Le sénateur Franck Montaugé est intervenu jeudi matin à la tribune du Sénat dans le cadre de la discussion du volet « agriculture » du projet de loi de finances 2018. Voici le texte de son intervention :
« À quelques points près que j’aborderai, deux mots caractérisent le budget agricole général et celui de la mission AAFAR (Agriculture, Alimentation, Forêt et Aménagement Rural) qui nous sont présentés: continuité et attente. Continuité parce que les orientations majeures de la loi d’avenir agricole, je pense à l’objectif de transition agro-écologique et à la conciliation des enjeux de performance économique, sociale et environnementale, sont confirmés. Attente parce qu’aucune mesure répondant fondamentalement aux besoins des agriculteurs, qu’il s’agisse de niveau de revenu, de gestion prévisionnelle des risques de de marché, de juste retour de la valeur ajoutée aux producteurs et même de compétitivité de la ferme France, n’apparait dans ce budget. En tout cas de manière distinctive par rapport au précédent budget. »
« C’est un constat plus qu’un jugement de valeur et je souhaite que les orientations retenues à l’issue des Etats généraux de l’alimentation permettent de répondre aux attentes aussi urgentes que légitimes de nos agriculteurs.

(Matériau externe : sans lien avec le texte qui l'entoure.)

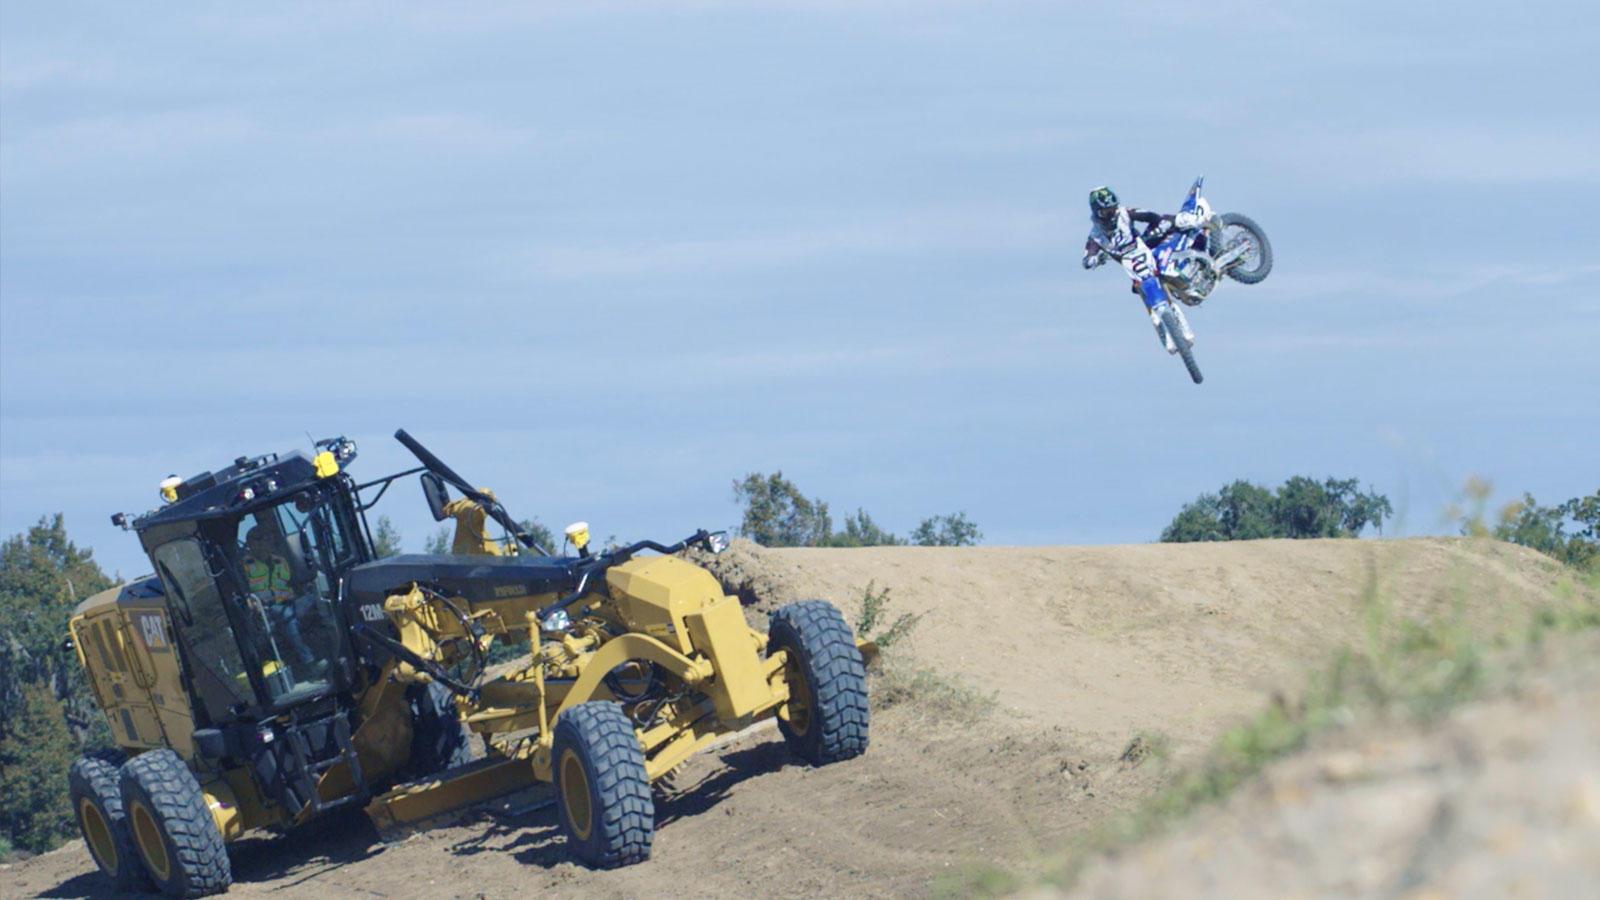 ryan villopoto jumps over a motor grader
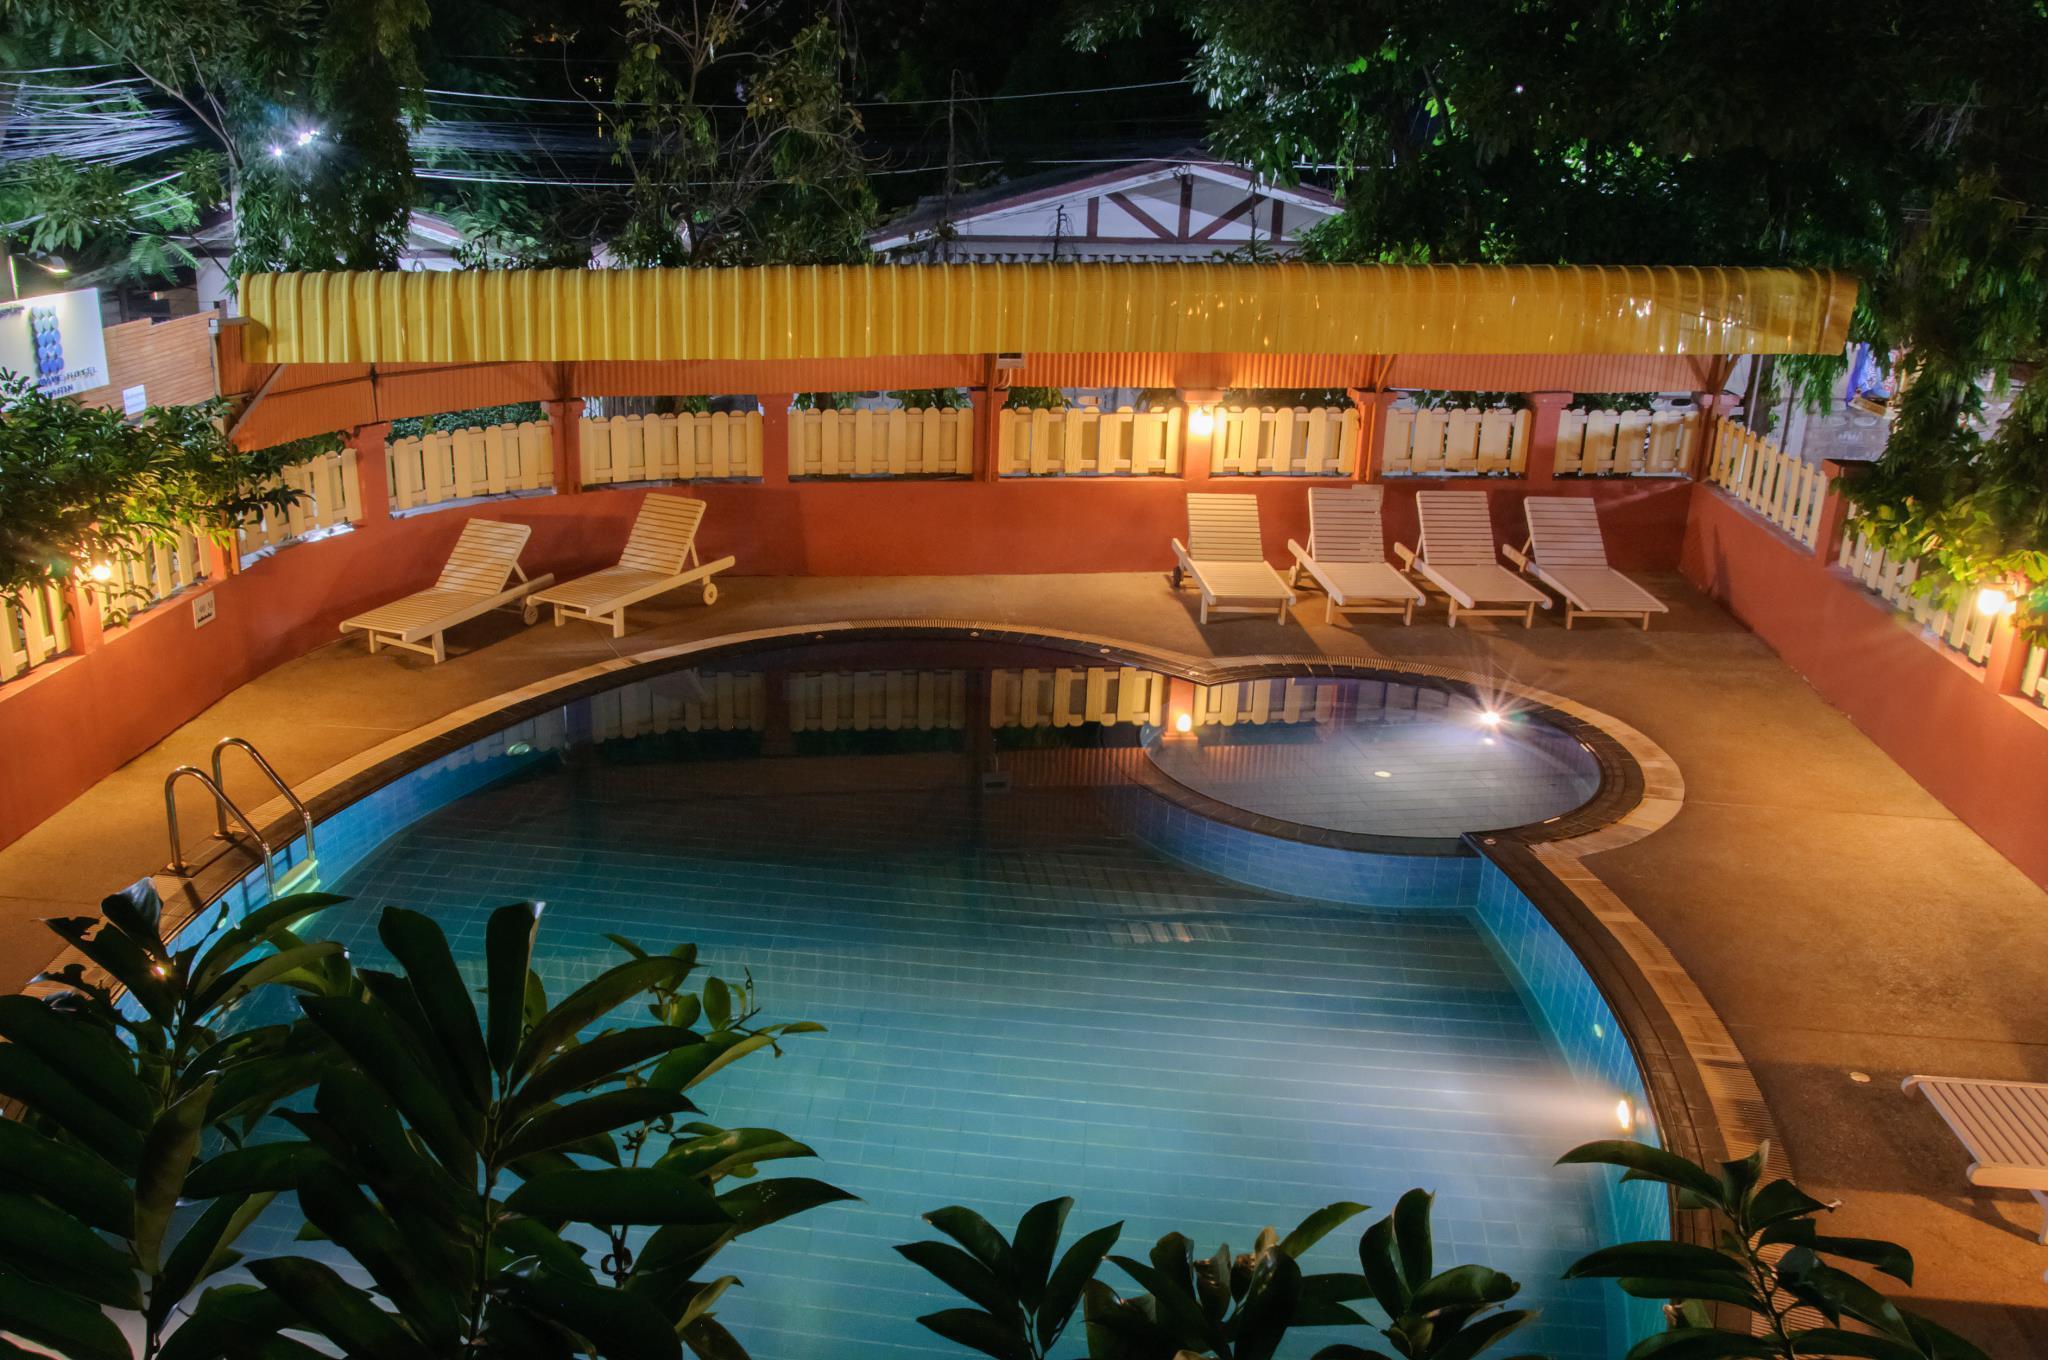 Takiab Beach Resort ตะเกียบ บีช รีสอร์ท

Cette démarche a suscité beaucoup d’attentes de tous les acteurs, et il ne faudra pas les décevoir ! Faut-il comprendre, parce que rien, absolument rien n’y fait référence dans les programmes et les actions de ce budget, que c’est le budget 2019 qui prendra en compte les mesures retenues issues des États généraux ? »
« Comment les soutiens spécifiques nécessaires, pour la partie de leur financement concernant l’État, doivent-ils être identifiés, sur des lignes budgétaires qui sont semblables à celles du budget précédent ? Pour notre compréhension du chemin que vous voulez faire prendre à notre agriculture, à la filière agroalimentaire et à la distribution, il sera intéressant de vous entendre sur ces points M. le Ministre ! »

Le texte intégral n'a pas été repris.